ティヤーは、島だらけでまとまった国ではないことから、ヨライデはよくティヤーを攻めて領土にしていた。
これが理由で、ティヤーに海賊が生まれたのも納得する。ヨライデには海賊がいないそうだが、隣国に海賊を生むほどしつこく凄惨な攻撃を繰り返し、土地も人も奪い続けた国民性は、そう名乗らないだけで海賊のようだと、シャンガマックは思う・・・ そう、土地だけではなく、人も奪った国。
「父に聞かなかったら、分からなかっただろうな」
「古い話らしいが、ティヤー人の混血もまだ続いているだろう」
「でも顔立ちは、かなり違うようだよ。アイエラダハッドやティヤーで、ミレイオは『ヨライデ人』とすぐ見分けられている。彼は全身刺青で、ヨライデ人が体に絵を描くのと似ているのもあるんだろうけれど、顔立ちでもそう思われる。正確には、彼はサブパメントゥでも・・・ヨライデ人に似ているんだろうな。
ミレイオは、ティヤー人と肌も毛色も、骨格も違う。混血の人口が半分もいたら、ヨライデ人の印象も変わりそうなものだ」
「答えは、探しながらでも分かりそうだ」
疑問を滔々と喋る騎士を振り向き、穏やかなダルナは前方に見えてきた最初の目的地を教える。
仕事は『檻探し』と『呪い巡り』、それから自発的に増やした『白い筒の出る龍の遺跡』と『粘土板解明』。ヨライデ初の仕事は『呪いの地』で、テイワグナから近い森林にあり、遠方には水平線が見えた。
「海が近いな。地図にも思ったが、国土が細長い印象そのままだ」
「ここは海寄りの南。北上すると幅も出るかもしれないぞ。さて、私はここで待つ。行きなさい」
森林の中にぽつねんとある奇妙な積み石は、上からでも充分怪しい。気配もじわじわと上がっている。了解したシャンガマックは降ろしてもらい、人気のない森で樹木の隙間に覗く、積み石へ向かった。

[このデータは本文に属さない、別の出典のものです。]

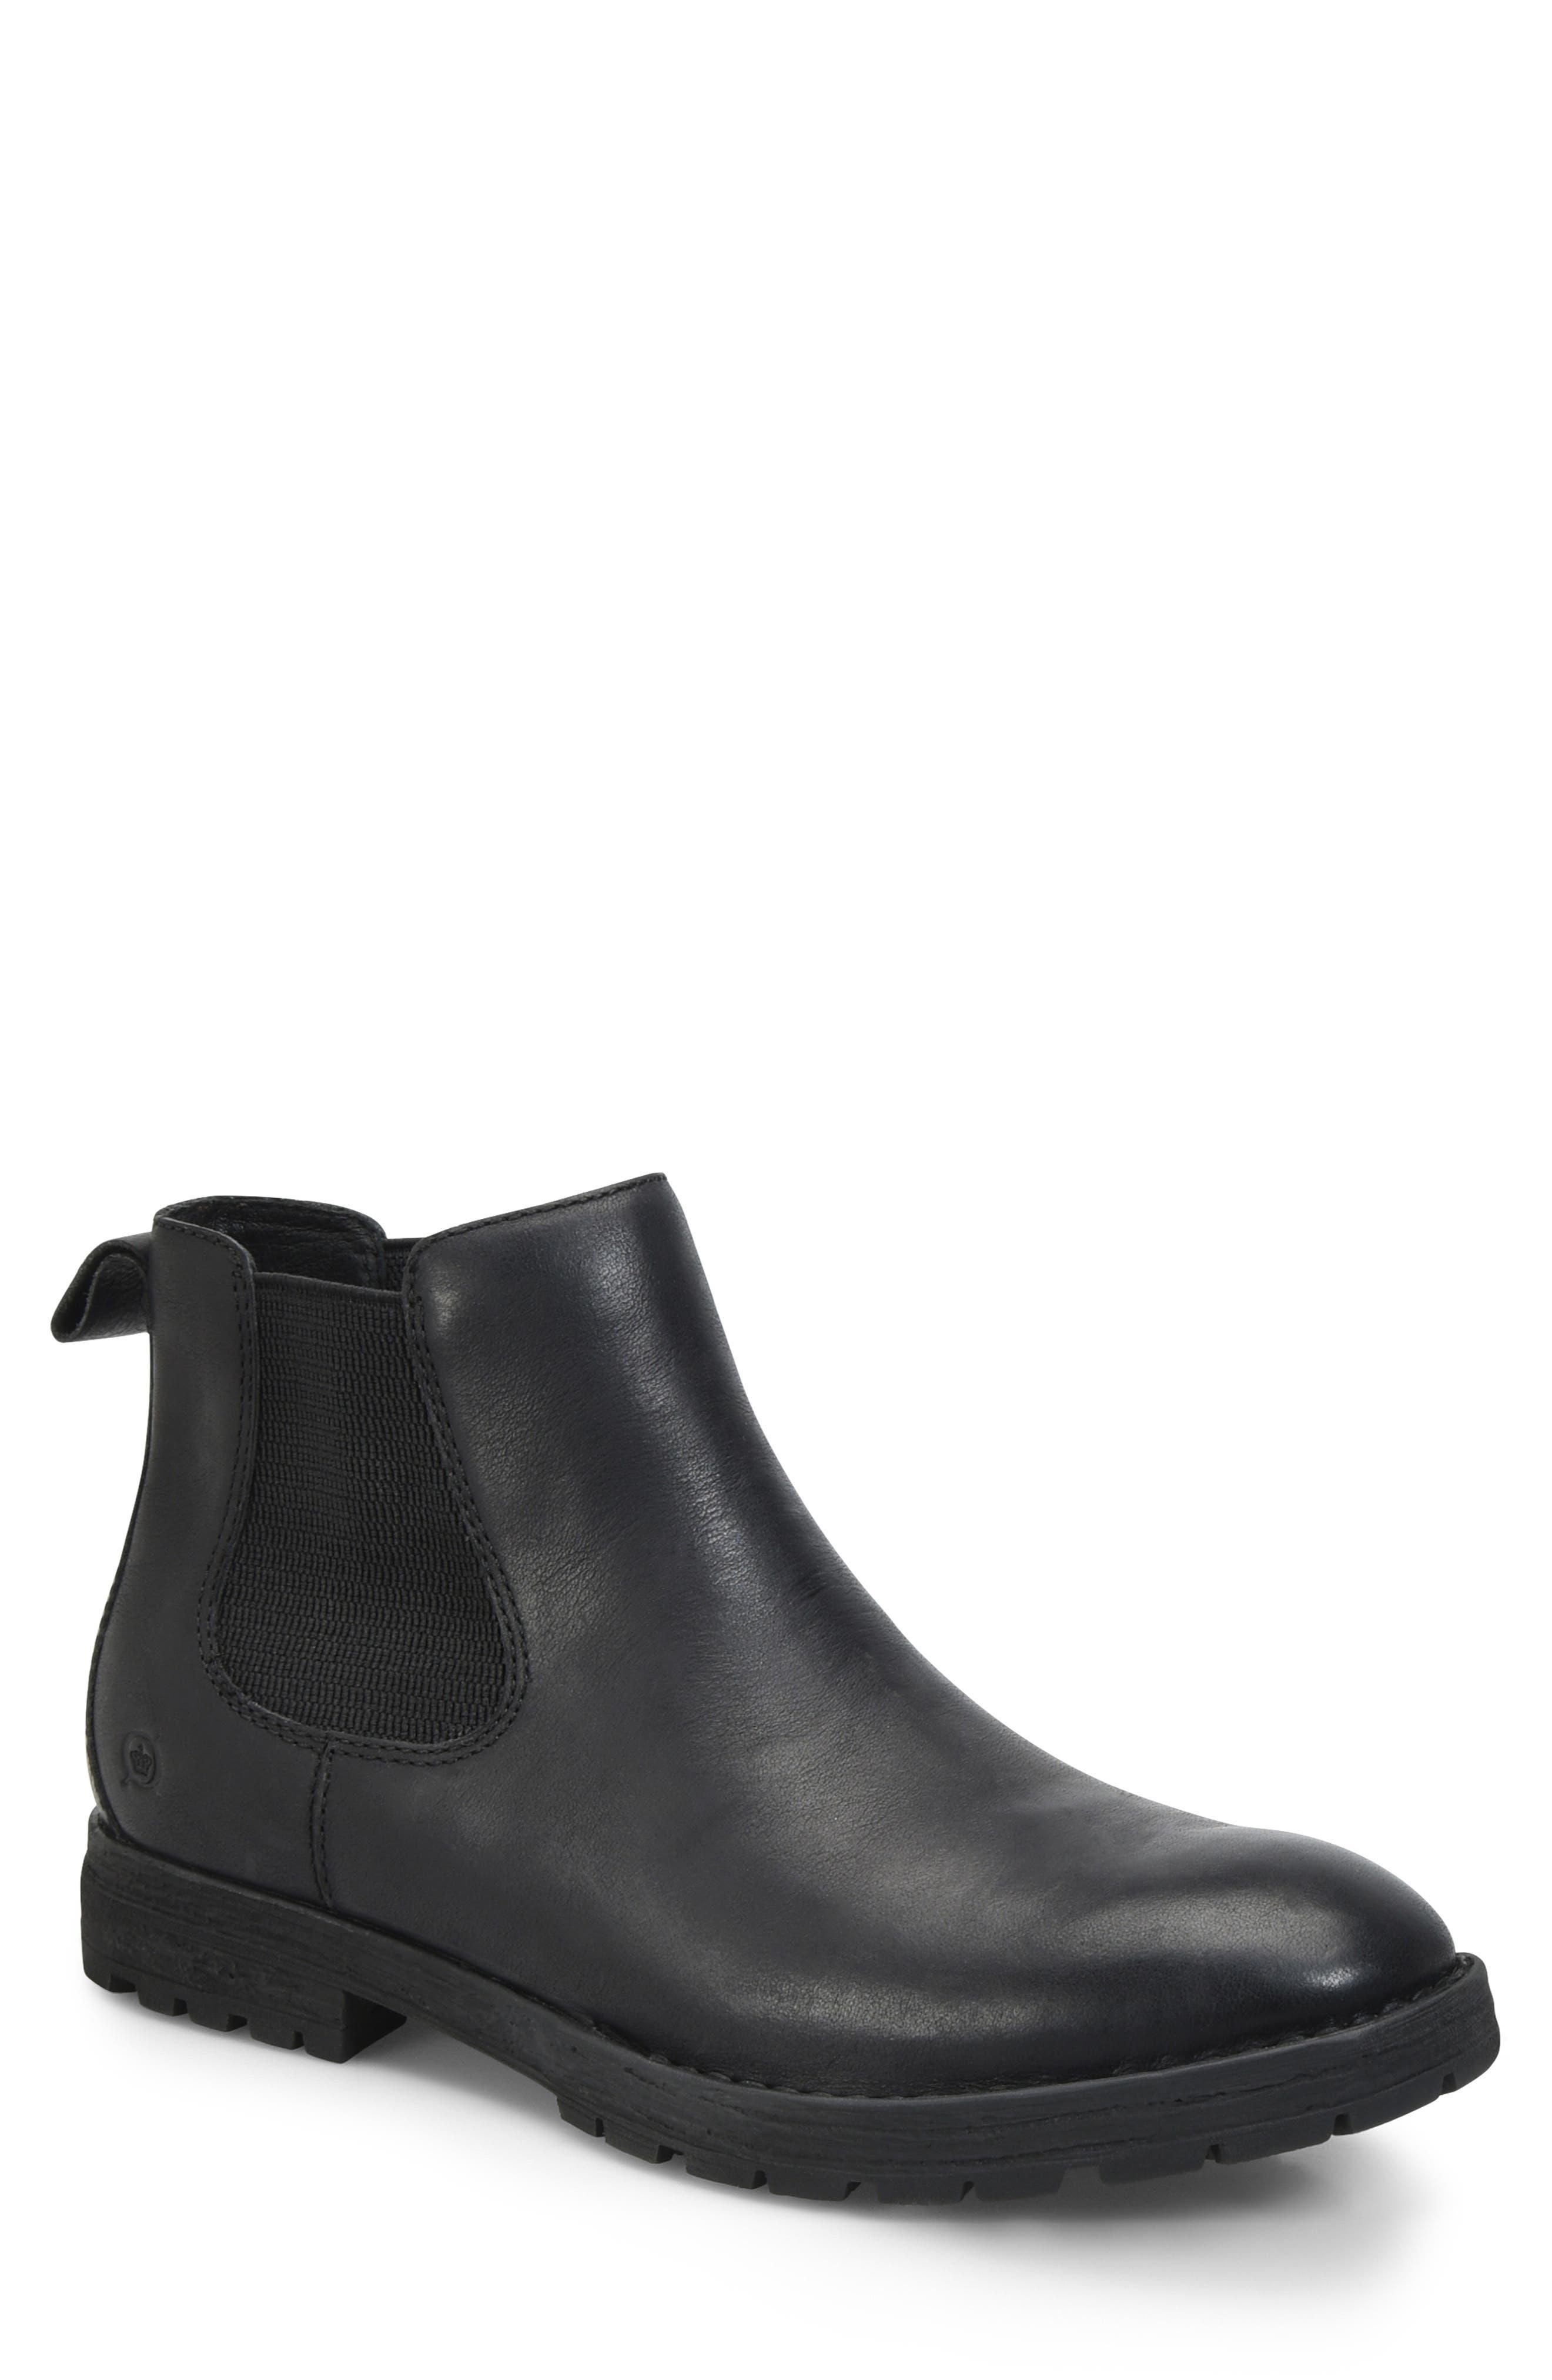 B?rn Luc Chelsea Boot- Black

近づけば近づくほど、積まれた石からの圧力を感じ取る。
こんなに主張する呪いの地もないな、と褐色の騎士は行ける限り側まで寄って、とうとう『ばちっ』と空気が弾けた警告で足を止める。
音を立てた警告は、足元の土にも抵抗を見せ、乾いていた土がじわっと緩んで、泥が足を包みかけたので、騎士は一歩下がった。

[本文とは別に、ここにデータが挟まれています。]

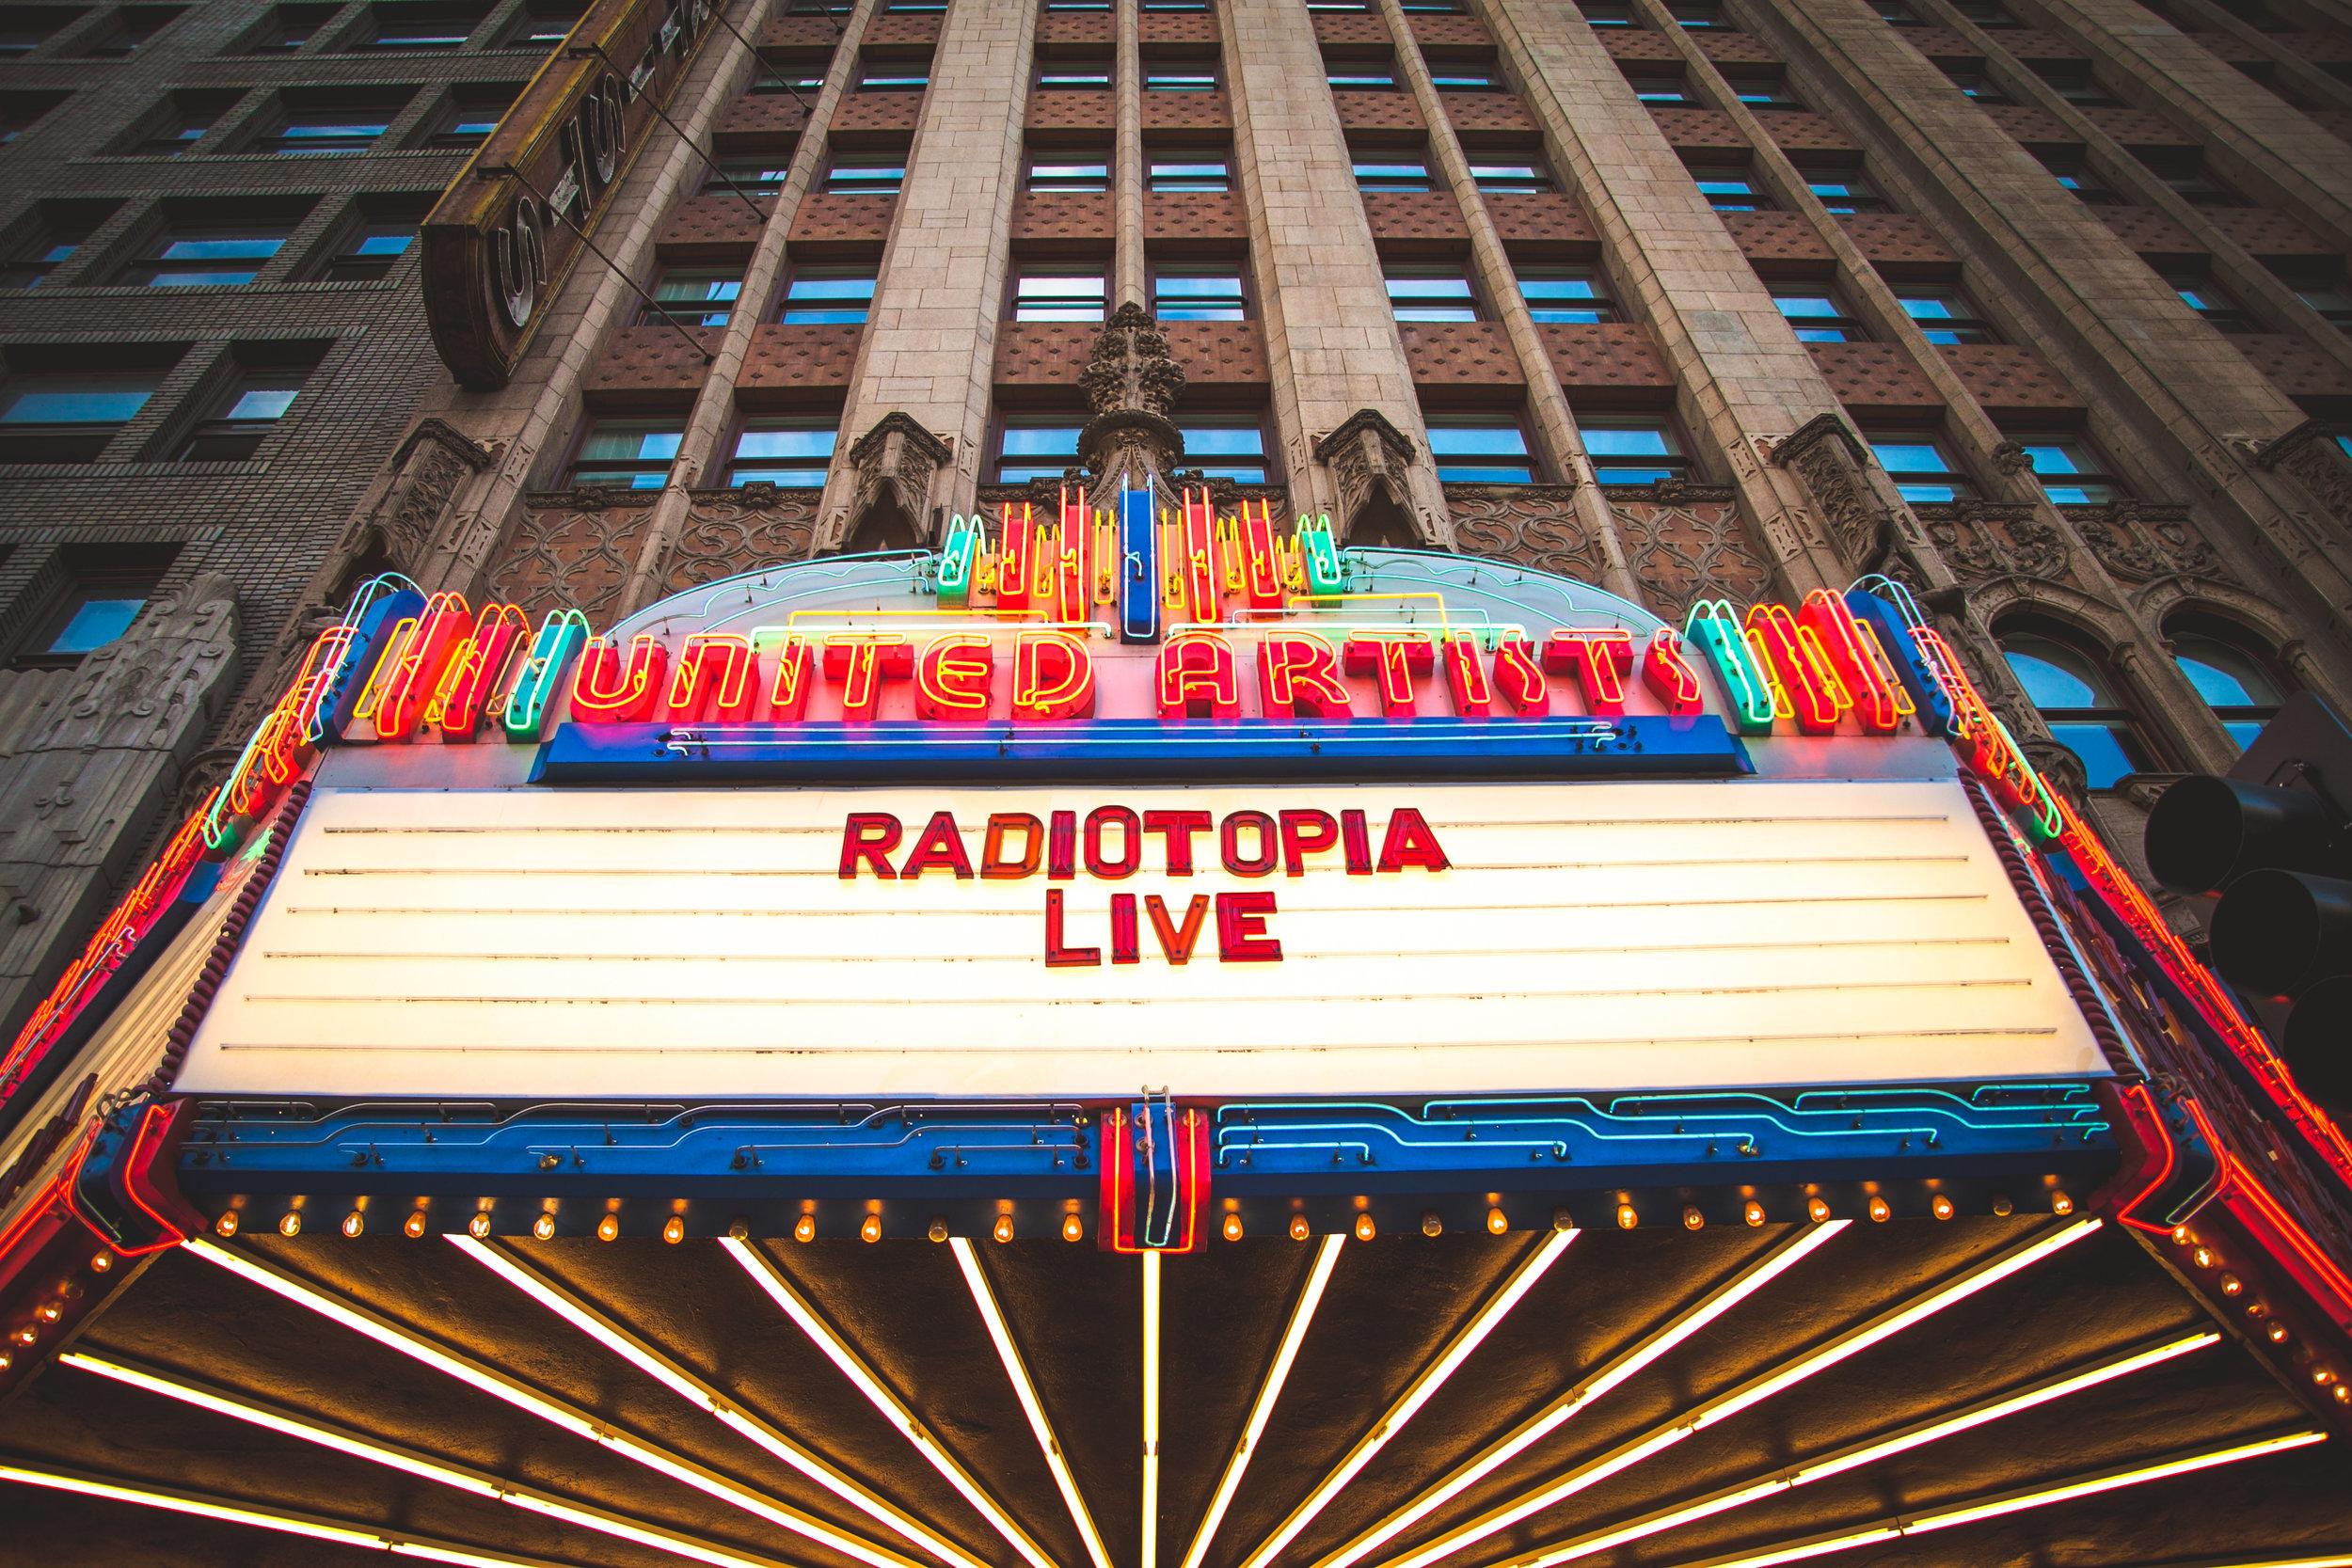 Radiotopia Live Marquee.jpg

「結界ではなさそうだな。今も呪いと異界を繋げているか」
精霊がいる、褐色の騎士は見上げる。気配は地霊。
落ちない不思議も・・・楕円形で平らな面がない石は、大きい順に下から積まれている。接点は曲面の一部で、石は磨かれておりつるつるした見た目、積んだ高さ3mほど。揺れもせず、落ちた跡もなく。騎士と積み石の合間を、強い風が吹き抜ける。
一周は許されるかなとゆっくり、相手に分かりやすいよう、ぐるりと回ろうとしたが、数歩進んでまた音が鳴った。最初の音よりも近くで大きい音。これ以上は許さないのを理解し、元の地点に戻る。
戻る際、体の向きを変えたら、一瞬、別の風景を見た気がした。見間違いかと思ったが、シャンガマックの目を掠めた風景は、テイワグナでもアイエラダハッドでも在ったサブパメントゥの、あの色と記号のような絵。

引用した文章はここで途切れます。